PROVIDED DATA =>
*-*-*

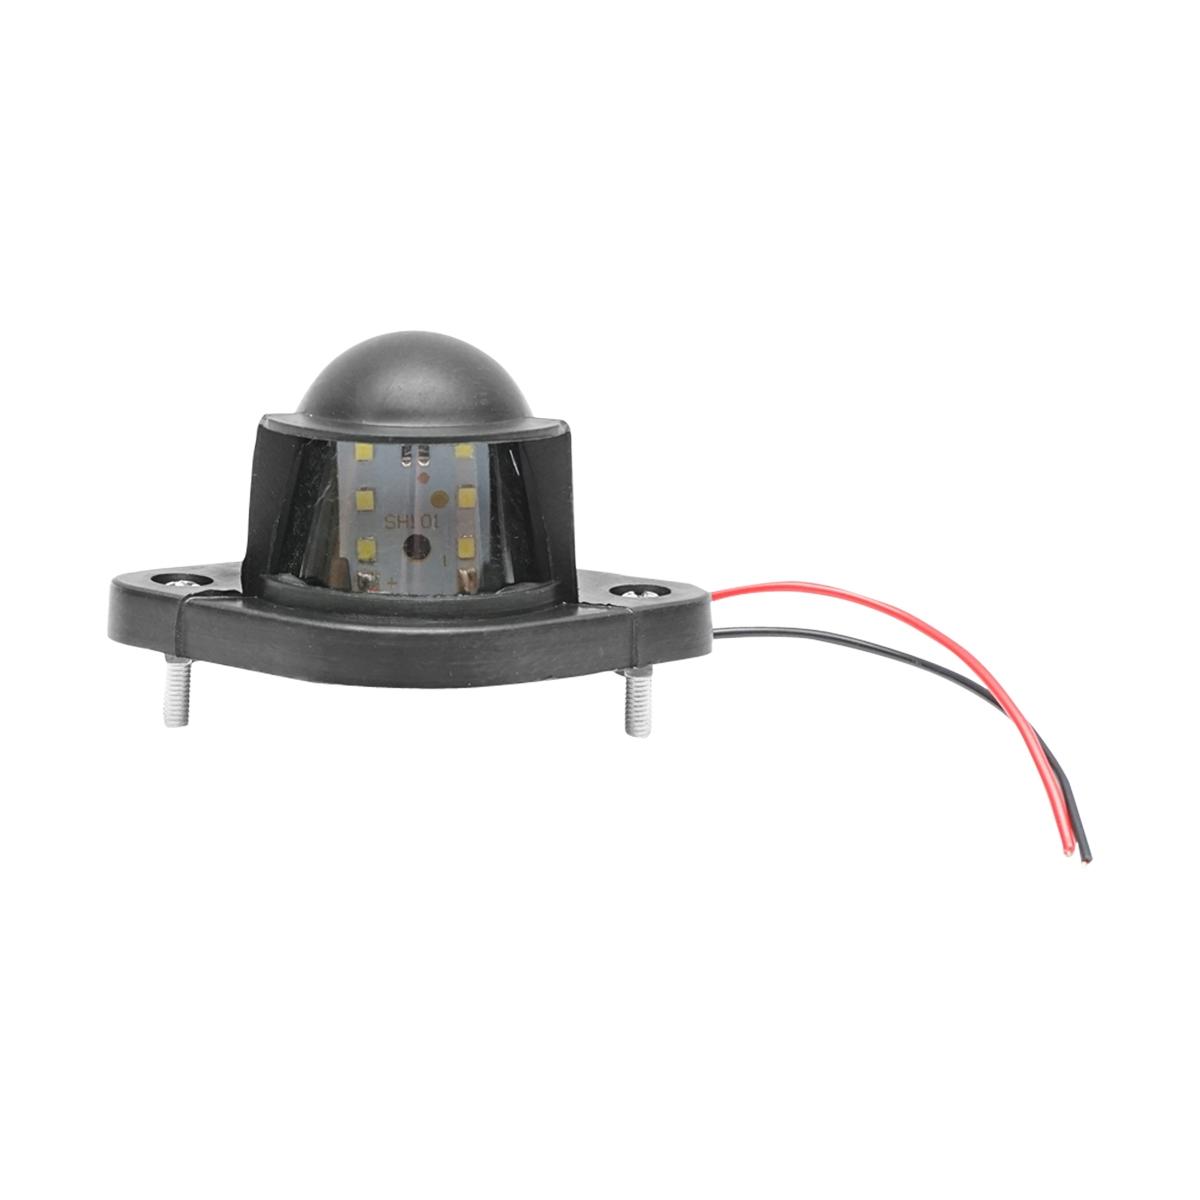 Lampa iluminare placuta inmatriculare camion 72x70, LED 12/24V Breckner Germany
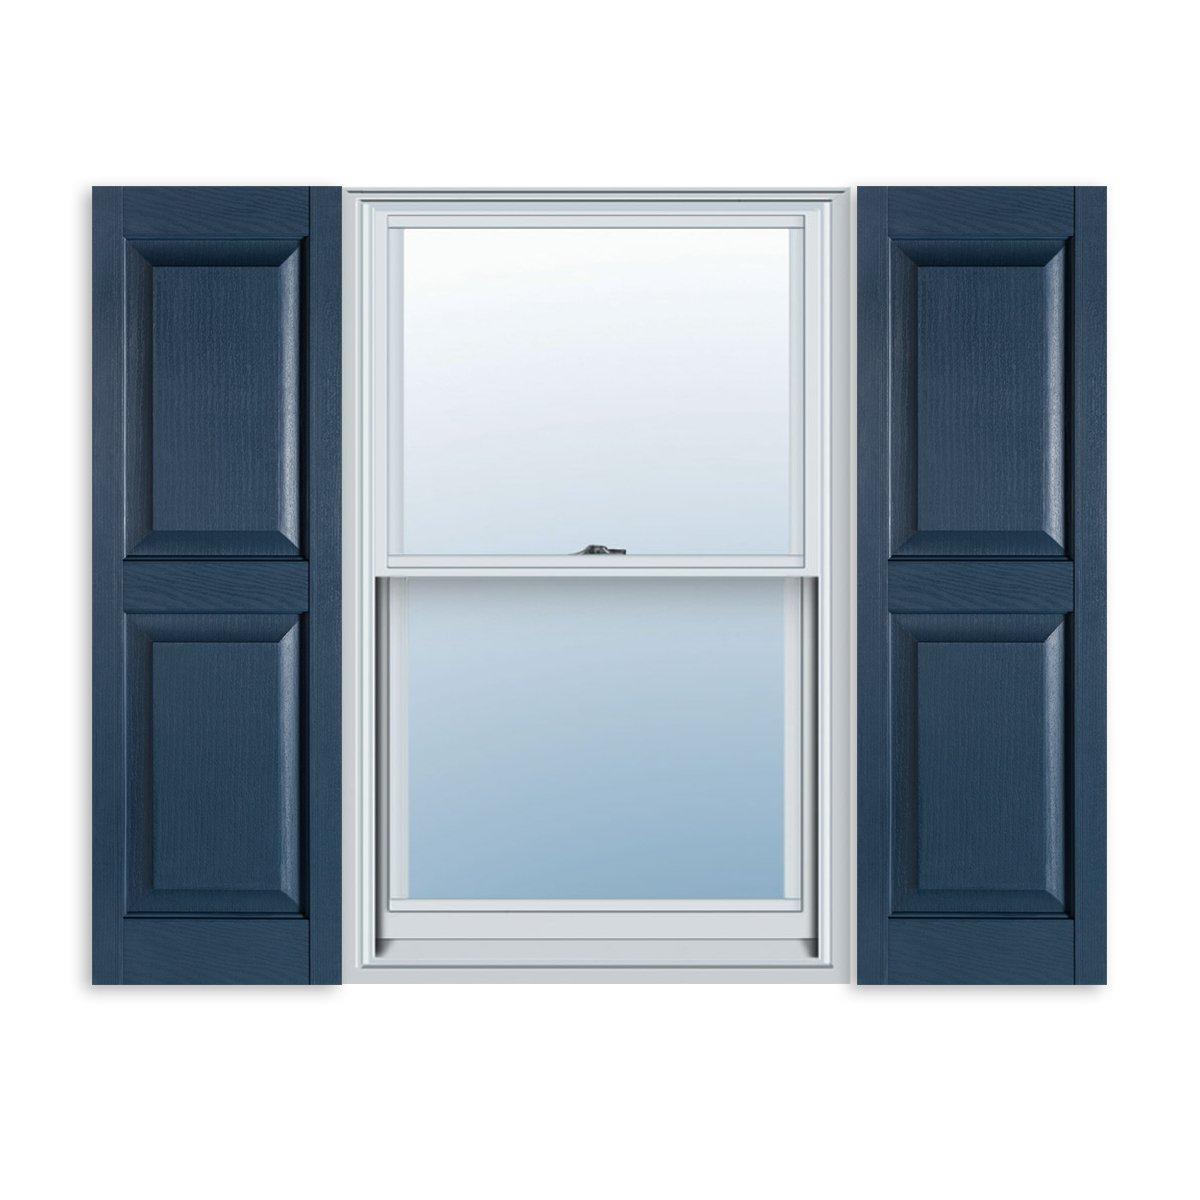 Amazon.com: 15 Inch X 63 Inch Standard Raised Panel Exterior Vinyl Shutter,  Bedford Blue (Pair): Home U0026 Kitchen
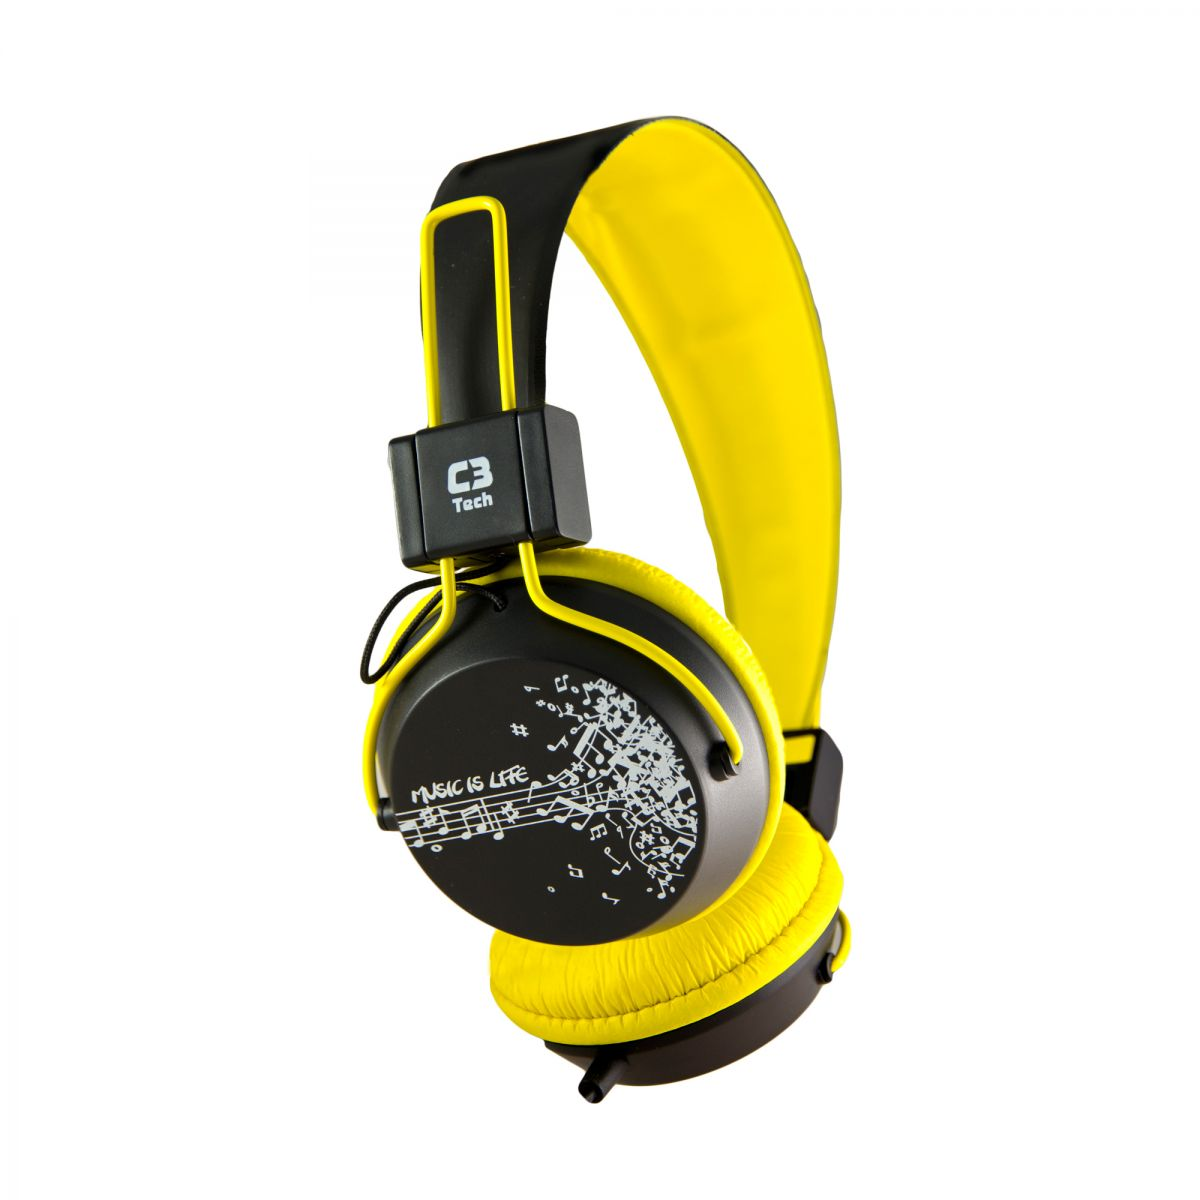 Fone de Ouvido Headset Multimídia Preto/Amalero C3 Tech - MI-2358RY  - ShopNoroeste.com.br

*-*-*

Write out exactly the lines running from the one with "Amazon.com: 15 Inch" through the end of the material, both ends included, while leaving the pictures out.

TASK SOLUTION =>
 Amazon.com: 15 Inch X 63 Inch Standard Raised Panel Exterior Vinyl Shutter,  Bedford Blue (Pair): Home U0026 Kitchen
 Fone de Ouvido Headset Multimídia Preto/Amalero C3 Tech - MI-2358RY  - ShopNoroeste.com.br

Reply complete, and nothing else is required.